What the task requires
Below is a listing from which only part is wanted; return exactly the lines from the one with "United Odd Socks" up to and including the one with "Летняя соломенная шляпа".

Given entries

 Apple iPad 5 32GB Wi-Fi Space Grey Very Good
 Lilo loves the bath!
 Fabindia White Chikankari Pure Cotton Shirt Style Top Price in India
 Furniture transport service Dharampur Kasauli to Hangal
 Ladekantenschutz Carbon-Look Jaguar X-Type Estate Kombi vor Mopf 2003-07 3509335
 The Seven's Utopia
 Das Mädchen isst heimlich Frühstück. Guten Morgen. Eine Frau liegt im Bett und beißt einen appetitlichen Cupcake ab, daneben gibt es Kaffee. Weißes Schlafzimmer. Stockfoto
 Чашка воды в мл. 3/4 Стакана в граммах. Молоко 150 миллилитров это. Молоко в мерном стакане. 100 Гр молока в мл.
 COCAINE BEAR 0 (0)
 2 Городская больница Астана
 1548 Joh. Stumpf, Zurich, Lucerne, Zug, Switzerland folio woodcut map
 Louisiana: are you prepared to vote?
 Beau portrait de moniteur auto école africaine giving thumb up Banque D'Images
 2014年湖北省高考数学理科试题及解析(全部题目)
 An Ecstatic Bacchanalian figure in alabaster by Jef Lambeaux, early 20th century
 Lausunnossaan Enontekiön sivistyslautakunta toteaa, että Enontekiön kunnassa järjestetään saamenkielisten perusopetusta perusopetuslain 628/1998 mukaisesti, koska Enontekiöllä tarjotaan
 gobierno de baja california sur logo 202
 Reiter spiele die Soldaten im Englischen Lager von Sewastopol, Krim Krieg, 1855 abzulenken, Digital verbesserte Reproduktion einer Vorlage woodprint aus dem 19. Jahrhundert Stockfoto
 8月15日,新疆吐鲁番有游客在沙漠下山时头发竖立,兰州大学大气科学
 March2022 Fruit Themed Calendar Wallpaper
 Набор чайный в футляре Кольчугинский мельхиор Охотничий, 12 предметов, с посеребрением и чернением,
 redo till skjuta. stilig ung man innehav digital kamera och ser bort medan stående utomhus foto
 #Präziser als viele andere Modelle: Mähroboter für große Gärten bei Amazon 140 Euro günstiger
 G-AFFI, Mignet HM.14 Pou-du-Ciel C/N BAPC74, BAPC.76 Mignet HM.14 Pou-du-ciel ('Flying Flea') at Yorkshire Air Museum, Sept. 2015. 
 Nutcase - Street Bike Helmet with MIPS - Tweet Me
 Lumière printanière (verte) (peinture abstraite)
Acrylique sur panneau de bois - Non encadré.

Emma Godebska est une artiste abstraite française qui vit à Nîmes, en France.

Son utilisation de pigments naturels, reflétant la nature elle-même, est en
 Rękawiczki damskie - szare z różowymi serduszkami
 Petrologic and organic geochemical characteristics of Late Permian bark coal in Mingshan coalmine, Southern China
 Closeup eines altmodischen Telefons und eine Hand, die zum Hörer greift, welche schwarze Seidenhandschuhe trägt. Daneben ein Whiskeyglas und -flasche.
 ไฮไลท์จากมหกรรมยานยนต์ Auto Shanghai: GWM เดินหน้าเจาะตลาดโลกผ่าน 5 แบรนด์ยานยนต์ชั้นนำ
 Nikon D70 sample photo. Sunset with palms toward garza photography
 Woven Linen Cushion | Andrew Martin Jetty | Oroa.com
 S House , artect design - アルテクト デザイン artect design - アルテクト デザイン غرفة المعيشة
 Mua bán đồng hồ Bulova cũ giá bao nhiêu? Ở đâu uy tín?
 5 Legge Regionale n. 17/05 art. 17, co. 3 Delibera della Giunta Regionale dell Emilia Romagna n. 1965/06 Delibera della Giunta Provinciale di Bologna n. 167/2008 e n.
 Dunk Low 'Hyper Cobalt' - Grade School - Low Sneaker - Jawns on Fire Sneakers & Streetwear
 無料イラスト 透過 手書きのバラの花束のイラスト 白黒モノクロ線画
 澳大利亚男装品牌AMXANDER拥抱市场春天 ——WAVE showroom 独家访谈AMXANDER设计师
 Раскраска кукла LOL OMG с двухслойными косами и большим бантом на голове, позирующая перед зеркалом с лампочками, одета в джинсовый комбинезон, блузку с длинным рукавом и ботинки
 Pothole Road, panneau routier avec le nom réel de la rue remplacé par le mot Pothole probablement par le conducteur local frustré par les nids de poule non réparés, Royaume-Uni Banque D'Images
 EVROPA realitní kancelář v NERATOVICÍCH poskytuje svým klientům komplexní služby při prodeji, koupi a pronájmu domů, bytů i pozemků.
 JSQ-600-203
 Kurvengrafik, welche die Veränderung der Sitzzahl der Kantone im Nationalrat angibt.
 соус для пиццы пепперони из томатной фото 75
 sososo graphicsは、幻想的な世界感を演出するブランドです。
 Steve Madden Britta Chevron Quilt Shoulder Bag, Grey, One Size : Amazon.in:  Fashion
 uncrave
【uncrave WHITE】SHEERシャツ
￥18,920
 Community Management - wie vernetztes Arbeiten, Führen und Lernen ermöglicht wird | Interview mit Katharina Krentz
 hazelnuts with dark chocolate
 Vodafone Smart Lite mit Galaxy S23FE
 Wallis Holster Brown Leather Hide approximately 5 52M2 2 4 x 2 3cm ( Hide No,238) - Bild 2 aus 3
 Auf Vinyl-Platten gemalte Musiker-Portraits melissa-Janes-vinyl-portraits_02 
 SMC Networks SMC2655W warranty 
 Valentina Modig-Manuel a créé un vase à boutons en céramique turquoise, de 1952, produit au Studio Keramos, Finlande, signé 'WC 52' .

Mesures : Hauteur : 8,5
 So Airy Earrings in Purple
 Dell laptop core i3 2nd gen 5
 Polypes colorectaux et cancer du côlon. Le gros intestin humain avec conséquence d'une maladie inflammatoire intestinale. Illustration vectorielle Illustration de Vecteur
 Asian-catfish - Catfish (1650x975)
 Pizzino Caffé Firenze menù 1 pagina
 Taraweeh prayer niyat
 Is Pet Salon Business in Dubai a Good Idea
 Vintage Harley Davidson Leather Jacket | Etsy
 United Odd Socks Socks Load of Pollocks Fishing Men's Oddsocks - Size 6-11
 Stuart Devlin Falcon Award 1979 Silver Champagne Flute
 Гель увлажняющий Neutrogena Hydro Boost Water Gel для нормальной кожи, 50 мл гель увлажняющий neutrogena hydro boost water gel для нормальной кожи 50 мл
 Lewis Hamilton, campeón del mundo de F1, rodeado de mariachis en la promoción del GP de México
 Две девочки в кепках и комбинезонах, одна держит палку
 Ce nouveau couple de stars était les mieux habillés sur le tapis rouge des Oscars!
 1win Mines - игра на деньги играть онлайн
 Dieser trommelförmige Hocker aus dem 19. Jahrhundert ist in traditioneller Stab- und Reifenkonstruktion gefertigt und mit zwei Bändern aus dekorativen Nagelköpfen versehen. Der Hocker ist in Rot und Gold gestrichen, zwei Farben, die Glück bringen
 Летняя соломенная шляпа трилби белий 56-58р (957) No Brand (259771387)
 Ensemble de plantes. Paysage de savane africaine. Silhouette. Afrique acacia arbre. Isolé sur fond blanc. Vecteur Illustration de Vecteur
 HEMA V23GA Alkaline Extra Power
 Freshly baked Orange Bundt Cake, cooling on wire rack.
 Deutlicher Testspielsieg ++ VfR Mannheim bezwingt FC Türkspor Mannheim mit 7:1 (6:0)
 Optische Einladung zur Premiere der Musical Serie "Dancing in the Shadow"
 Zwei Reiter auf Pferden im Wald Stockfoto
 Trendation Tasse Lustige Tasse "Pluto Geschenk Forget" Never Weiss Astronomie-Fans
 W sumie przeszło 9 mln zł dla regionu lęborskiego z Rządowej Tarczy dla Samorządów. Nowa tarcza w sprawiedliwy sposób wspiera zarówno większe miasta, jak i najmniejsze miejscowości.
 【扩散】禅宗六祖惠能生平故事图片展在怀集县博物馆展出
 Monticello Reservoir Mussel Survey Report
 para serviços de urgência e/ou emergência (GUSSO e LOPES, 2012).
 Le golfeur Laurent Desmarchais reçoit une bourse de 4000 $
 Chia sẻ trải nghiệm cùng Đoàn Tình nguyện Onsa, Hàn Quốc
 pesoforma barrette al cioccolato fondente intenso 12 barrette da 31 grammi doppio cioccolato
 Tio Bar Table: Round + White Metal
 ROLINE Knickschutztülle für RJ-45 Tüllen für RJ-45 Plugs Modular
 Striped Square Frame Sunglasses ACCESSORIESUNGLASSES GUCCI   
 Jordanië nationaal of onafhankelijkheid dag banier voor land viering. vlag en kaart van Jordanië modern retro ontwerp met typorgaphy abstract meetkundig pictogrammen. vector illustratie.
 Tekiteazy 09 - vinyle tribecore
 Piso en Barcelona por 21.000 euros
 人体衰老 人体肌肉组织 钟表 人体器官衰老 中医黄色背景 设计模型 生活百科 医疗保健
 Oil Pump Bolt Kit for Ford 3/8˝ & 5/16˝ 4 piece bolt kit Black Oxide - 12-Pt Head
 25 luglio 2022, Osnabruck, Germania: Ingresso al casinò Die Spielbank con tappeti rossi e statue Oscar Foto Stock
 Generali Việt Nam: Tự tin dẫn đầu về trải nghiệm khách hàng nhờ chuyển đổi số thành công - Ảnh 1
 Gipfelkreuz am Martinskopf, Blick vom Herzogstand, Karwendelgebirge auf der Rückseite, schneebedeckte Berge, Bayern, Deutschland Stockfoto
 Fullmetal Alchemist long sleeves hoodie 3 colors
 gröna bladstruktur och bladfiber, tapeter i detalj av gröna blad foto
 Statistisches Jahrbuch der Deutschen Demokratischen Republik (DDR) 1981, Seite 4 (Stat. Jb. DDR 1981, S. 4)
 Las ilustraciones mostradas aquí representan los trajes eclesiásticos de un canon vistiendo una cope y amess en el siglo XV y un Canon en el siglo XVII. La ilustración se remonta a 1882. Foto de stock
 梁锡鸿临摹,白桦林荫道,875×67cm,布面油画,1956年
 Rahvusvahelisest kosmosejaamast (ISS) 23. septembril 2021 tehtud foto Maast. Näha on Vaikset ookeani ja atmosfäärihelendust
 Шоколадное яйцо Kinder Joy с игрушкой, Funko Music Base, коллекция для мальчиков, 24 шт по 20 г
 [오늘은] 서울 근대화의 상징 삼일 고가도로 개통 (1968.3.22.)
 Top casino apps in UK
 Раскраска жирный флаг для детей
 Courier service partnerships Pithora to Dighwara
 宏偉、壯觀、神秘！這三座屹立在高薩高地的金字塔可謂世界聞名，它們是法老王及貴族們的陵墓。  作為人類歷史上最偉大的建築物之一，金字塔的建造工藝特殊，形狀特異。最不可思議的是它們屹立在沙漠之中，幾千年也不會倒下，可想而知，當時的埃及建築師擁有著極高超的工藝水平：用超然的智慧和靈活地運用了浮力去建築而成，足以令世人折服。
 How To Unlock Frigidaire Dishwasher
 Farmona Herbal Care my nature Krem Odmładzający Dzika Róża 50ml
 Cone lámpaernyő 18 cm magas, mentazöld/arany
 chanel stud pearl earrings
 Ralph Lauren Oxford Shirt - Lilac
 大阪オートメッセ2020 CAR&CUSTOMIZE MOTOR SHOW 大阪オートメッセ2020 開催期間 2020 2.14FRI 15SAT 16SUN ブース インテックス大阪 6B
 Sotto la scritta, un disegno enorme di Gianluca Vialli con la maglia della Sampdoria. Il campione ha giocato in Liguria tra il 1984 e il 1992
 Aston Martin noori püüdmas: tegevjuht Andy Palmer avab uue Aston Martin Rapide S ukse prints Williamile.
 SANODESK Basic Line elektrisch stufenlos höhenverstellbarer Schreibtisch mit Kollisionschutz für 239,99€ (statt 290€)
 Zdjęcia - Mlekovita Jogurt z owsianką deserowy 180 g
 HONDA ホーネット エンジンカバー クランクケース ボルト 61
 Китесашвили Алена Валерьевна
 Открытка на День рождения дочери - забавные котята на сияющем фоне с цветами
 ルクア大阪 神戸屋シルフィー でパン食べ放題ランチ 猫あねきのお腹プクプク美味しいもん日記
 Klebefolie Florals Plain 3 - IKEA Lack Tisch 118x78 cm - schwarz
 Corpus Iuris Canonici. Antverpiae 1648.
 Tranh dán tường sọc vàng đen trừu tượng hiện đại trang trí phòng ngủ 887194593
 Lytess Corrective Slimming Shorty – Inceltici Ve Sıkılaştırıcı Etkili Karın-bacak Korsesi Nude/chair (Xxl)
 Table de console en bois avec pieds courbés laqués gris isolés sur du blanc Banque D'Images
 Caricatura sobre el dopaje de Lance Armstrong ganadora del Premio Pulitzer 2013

Written solution
 United Odd Socks Socks Load of Pollocks Fishing Men's Oddsocks - Size 6-11
 Stuart Devlin Falcon Award 1979 Silver Champagne Flute
 Гель увлажняющий Neutrogena Hydro Boost Water Gel для нормальной кожи, 50 мл гель увлажняющий neutrogena hydro boost water gel для нормальной кожи 50 мл
 Lewis Hamilton, campeón del mundo de F1, rodeado de mariachis en la promoción del GP de México
 Две девочки в кепках и комбинезонах, одна держит палку
 Ce nouveau couple de stars était les mieux habillés sur le tapis rouge des Oscars!
 1win Mines - игра на деньги играть онлайн
 Dieser trommelförmige Hocker aus dem 19. Jahrhundert ist in traditioneller Stab- und Reifenkonstruktion gefertigt und mit zwei Bändern aus dekorativen Nagelköpfen versehen. Der Hocker ist in Rot und Gold gestrichen, zwei Farben, die Glück bringen
 Летняя соломенная шляпа трилби белий 56-58р (957) No Brand (259771387)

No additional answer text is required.